Comment 4 Piotr Kundu CLA 2007-08-17 09:17:43 EDT
Implementing patch suggested in Commment #3 by Sven, I'm not logged out all the time on Solaris. I found that CDT, with the patch, is able to kill the GDB process after several attempts to terminate, but the debugee will continue to run, although CDT indicates it's not running. 

If the developer chooses to relaunch a new debug session and the 1st running debugee is using resources that are need by the 2nd, there will be issues.

GDB (on Solaris) that is debugging a local application and running will respond to SIGSTOP, SIGTERM or SIGKILL, but NOT the attempted SIGINT. In any case, terminating GDB, does not terminate the debuggee. Realizing that barking up the wrong tree (GDB), will not get me anywhere, the first step was to find another way to get the PID to be able to kill the debugee.

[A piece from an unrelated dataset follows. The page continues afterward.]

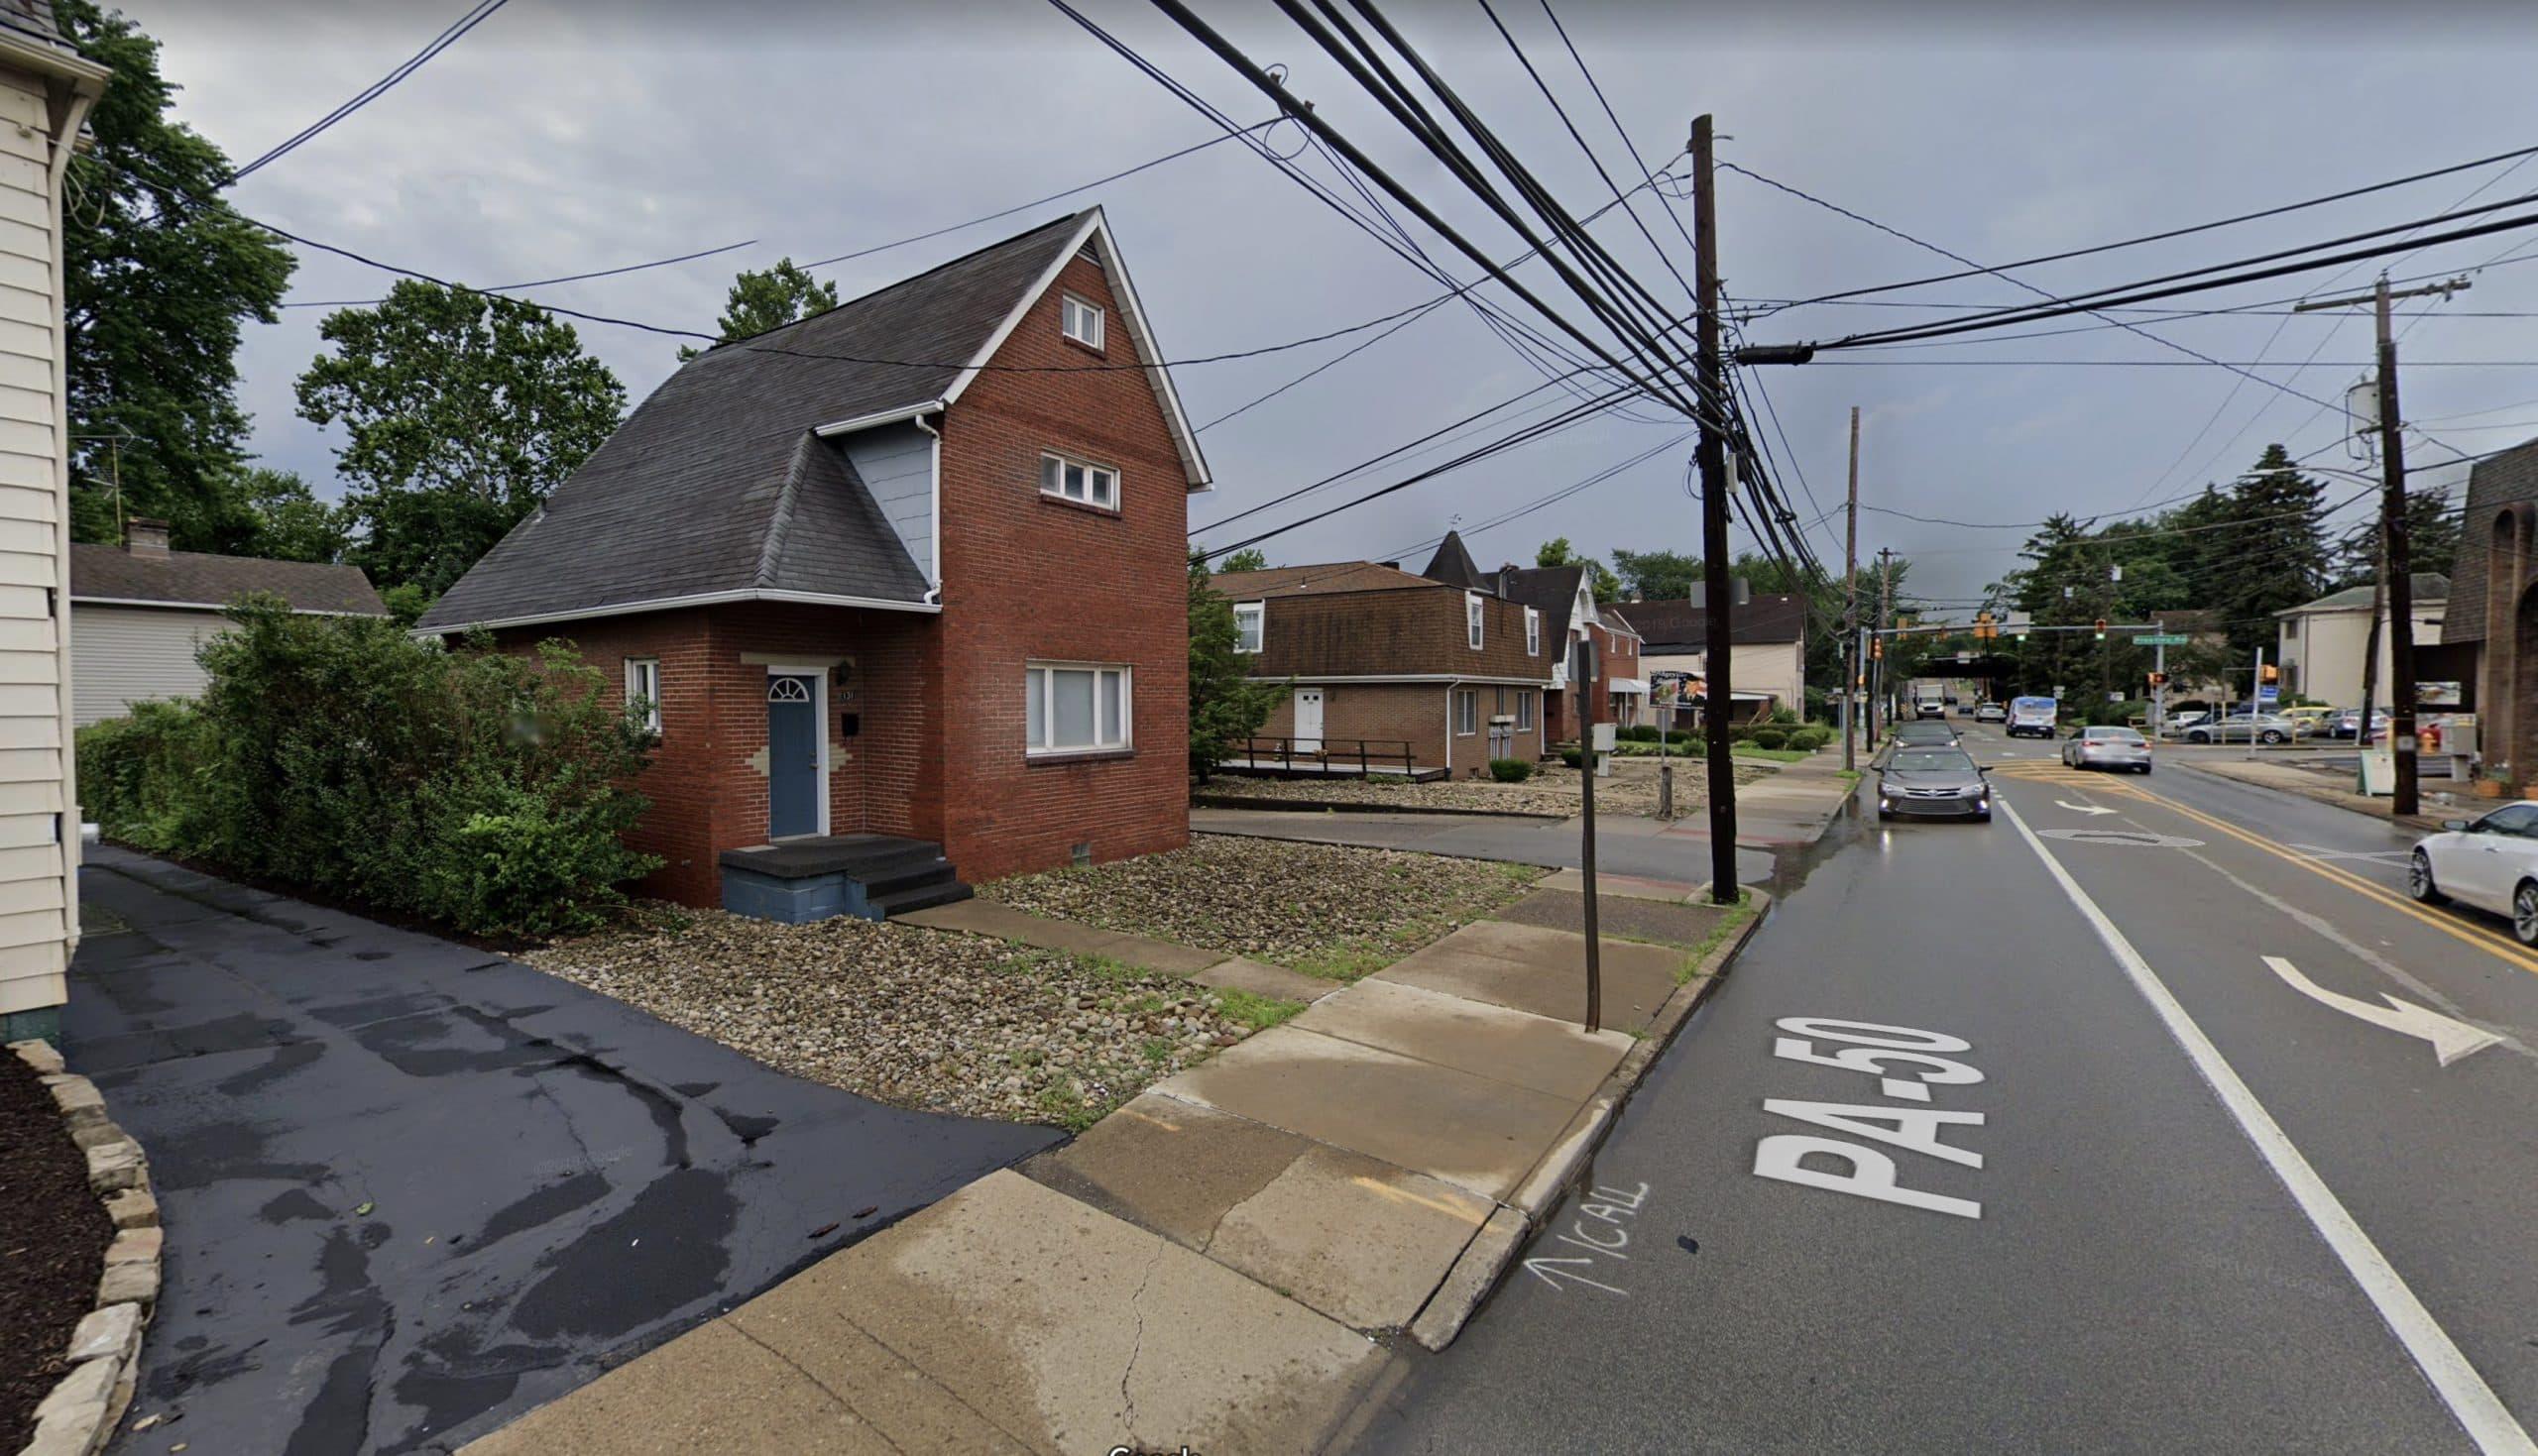 131 Washington Avenue. Image by Google Maps.

CLI Command "info proc" looks like a good starting point, returning a string:

(gdb) info proc
process 19127 flags:
PR_STOPPED Process (LWP) is stopped
PR_ISTOP Stopped on an event of interest
PR_RLC Run-on-last-close is in effect
PR_FAULTED : Incurred a traced hardware fault FLTBPT: Breakpoint trap

I've tested this on Solaris 9 using GDB 5.3, 6.3, 6.4 and 6.6 and all produce a string with a similar result as above, always starting with the string "process" which can be used for parcing out the PID which follows "process ". 

"info proc" is NOT supported on Windows, so "info program" will be used if "info proc" fails. 

Implementation will be described later.
Comment 5 Piotr Kundu CLA 2007-08-24 12:25:14 EDT
Created attachment 76922 [details]
This patch solves the bug

Here is the suggested implementation with 2 new classes and changes in 3 other classe, all in org.eclipse.cdt.debug.mi.core component. 

1. The update() method of org.eclipse.cdt.debug.mi.core.MIInferior has been change to first use "info proc" and only then use "info program" 

2. The parseLine() method of org.eclipse.cdt.debug.mi.core.output.CLIInfoProgramInfo has been changed to stop parsing if "LWP" is found in the string.

3. A new method createCLIInfoProc() has been added in org.eclipse.cdt.debug.mi.core.command.CommandFactory just prior to createCLIInfoProgram(). 

5. A new class org.eclipse.cdt.debug.mi.core.command.CLIInfoProc has been added: 
6. A new class org.eclipse.cdt.debug.mi.core.output.CLIInfoProcInfo has been added:
Comment 6 Anton Leherbauer CLA 2007-09-06 04:49:10 EDT
Your patch looks good.
I verified that on Solaris 'info program' does not yield the pid:

(gdb) info program
        Using the running image of child LWP 1 via /proc.
Program stopped at 0x15074.
It stopped at breakpoint 1.

I am going to apply the patch.
Comment 7 Anton Leherbauer CLA 2007-09-06 07:55:59 EDT
I applied the patch with minor modifications ($NON-NLS$ tags).
The fix will be available in 4.0.1 > I200709060101. Thanks!
Comment 8 Piotr Kundu CLA 2007-09-06 08:54:31 EDT
Cheers Anton, we really needed this one.